*Try it*
Among the records that follow, find the line with "New Zealand v" and the line with "Fond De Certificat/diplu00f4me". Set down those lines and all lines between them exactly, without adding anything.

*Raw data*
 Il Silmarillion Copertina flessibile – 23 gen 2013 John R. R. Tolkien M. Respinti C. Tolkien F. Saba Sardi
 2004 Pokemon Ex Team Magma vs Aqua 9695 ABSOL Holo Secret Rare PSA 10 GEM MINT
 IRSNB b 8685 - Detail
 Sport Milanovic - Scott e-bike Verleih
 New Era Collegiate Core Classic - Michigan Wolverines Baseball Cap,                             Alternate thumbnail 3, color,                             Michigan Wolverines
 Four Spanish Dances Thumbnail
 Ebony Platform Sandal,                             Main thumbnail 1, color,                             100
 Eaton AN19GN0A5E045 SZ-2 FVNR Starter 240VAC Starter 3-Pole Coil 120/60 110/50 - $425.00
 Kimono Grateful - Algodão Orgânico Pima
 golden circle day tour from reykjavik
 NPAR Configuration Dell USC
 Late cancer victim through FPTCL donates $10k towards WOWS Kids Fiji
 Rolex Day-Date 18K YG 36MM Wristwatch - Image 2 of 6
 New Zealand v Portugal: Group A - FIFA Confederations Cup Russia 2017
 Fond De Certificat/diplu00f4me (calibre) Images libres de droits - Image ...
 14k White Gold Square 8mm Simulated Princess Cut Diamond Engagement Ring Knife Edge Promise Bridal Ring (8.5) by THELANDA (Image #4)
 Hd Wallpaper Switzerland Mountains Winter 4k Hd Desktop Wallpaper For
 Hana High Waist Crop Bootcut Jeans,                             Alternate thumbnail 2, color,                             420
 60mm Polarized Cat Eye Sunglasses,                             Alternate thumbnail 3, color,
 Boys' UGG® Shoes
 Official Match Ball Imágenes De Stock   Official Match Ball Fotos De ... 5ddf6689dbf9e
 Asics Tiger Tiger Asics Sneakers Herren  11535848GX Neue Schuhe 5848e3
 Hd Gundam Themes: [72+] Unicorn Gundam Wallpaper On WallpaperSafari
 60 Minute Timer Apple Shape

*Solution*
 New Zealand v Portugal: Group A - FIFA Confederations Cup Russia 2017
 Fond De Certificat/diplu00f4me (calibre) Images libres de droits - Image ...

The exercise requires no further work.